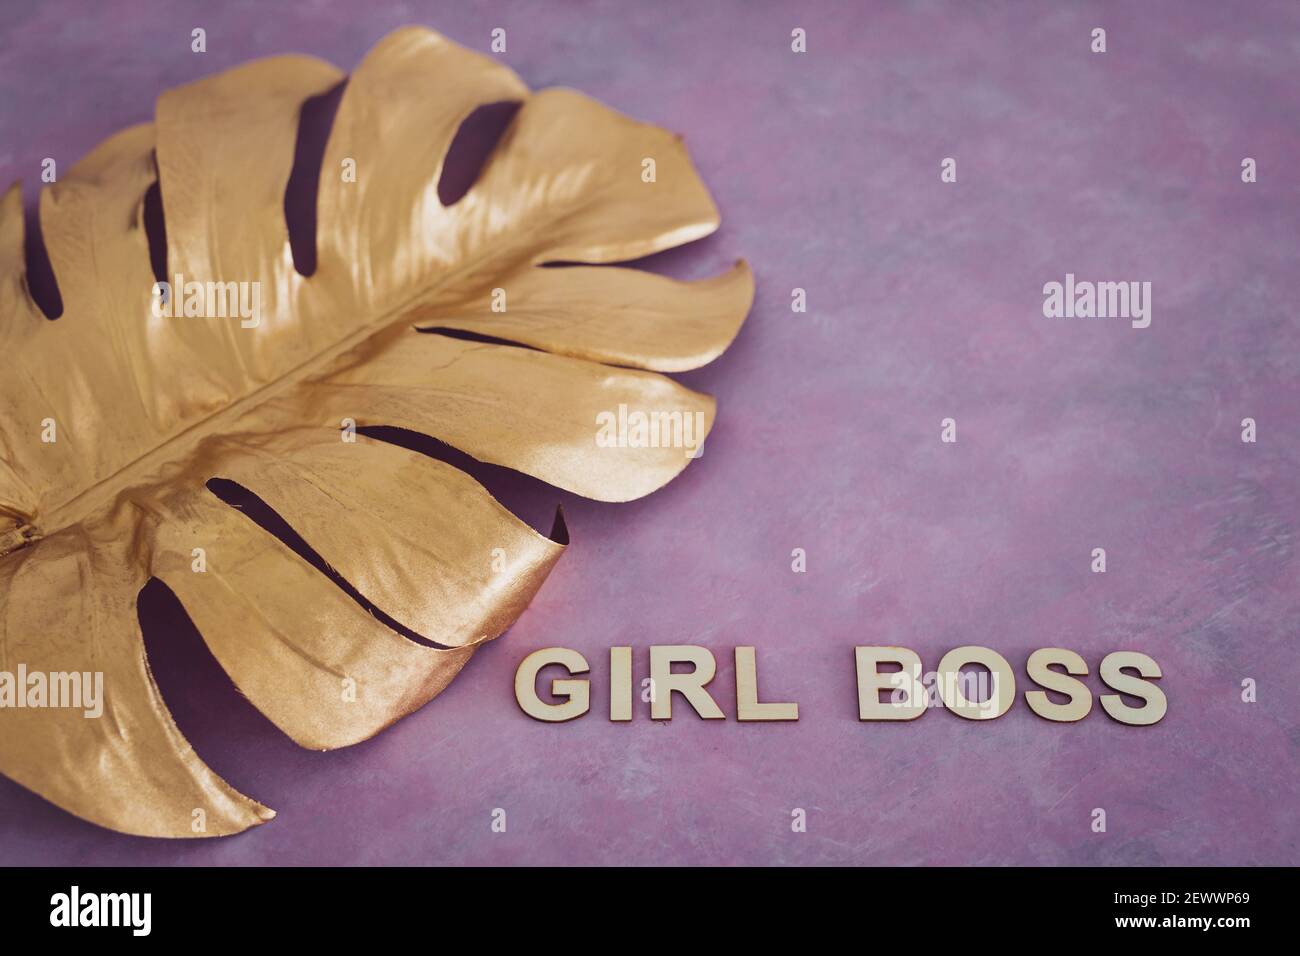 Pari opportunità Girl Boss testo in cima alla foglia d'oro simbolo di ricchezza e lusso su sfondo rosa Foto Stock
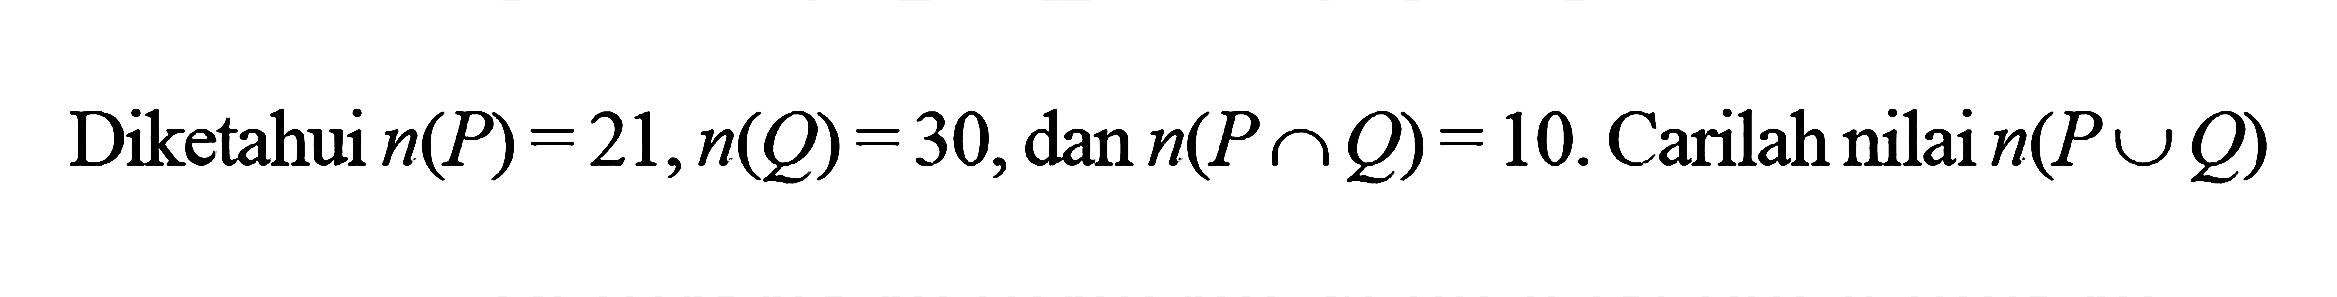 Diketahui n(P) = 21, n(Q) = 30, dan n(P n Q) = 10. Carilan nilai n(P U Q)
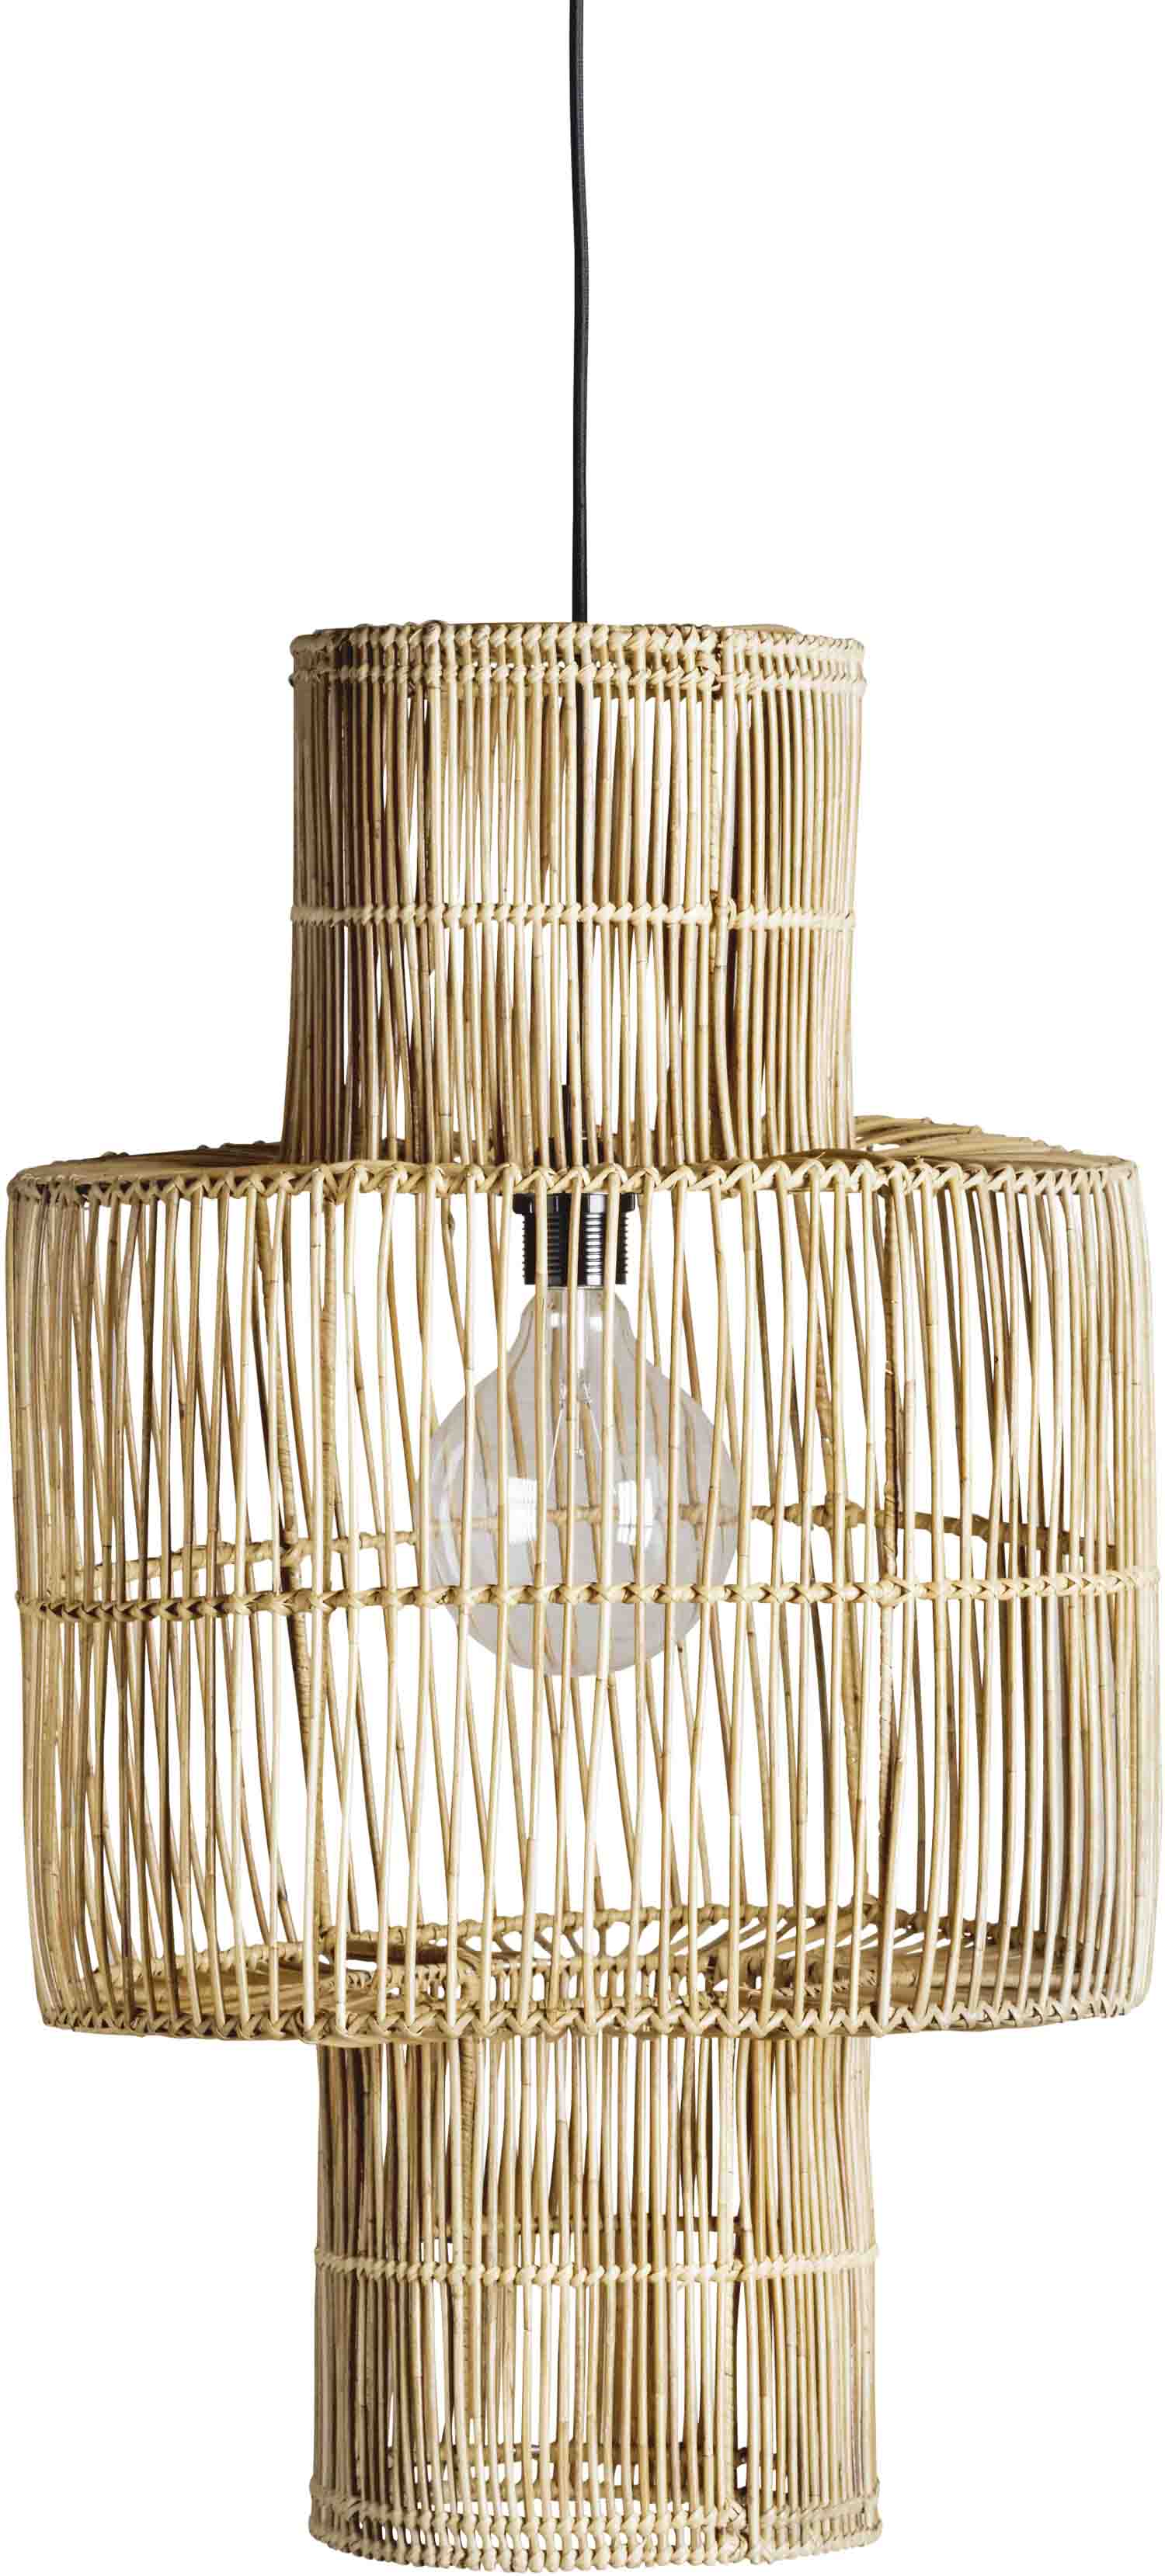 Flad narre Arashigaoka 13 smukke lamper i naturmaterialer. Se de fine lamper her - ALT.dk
---
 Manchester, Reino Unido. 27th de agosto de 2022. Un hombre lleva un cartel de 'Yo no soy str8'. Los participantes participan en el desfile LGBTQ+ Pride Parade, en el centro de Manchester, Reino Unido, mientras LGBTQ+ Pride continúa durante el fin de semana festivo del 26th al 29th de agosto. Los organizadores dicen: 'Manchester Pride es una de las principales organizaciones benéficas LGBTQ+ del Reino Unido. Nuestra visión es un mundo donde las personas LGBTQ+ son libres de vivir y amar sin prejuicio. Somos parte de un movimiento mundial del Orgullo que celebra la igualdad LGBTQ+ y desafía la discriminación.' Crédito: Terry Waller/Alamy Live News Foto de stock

**WHAT IS EXPECTED:**
Starting at the line above that has "Pari opportunità Girl" and ending at the line that has "Flad narre Arashigaoka", copy each line exactly, leaving the pictures out and adding nothing.

**ANSWER TO THE PROBLEM:**
 Pari opportunità Girl Boss testo in cima alla foglia d'oro simbolo di ricchezza e lusso su sfondo rosa Foto Stock
 Diketahui n(P) = 21, n(Q) = 30, dan n(P n Q) = 10. Carilan nilai n(P U Q)
 Flad narre Arashigaoka 13 smukke lamper i naturmaterialer. Se de fine lamper her - ALT.dk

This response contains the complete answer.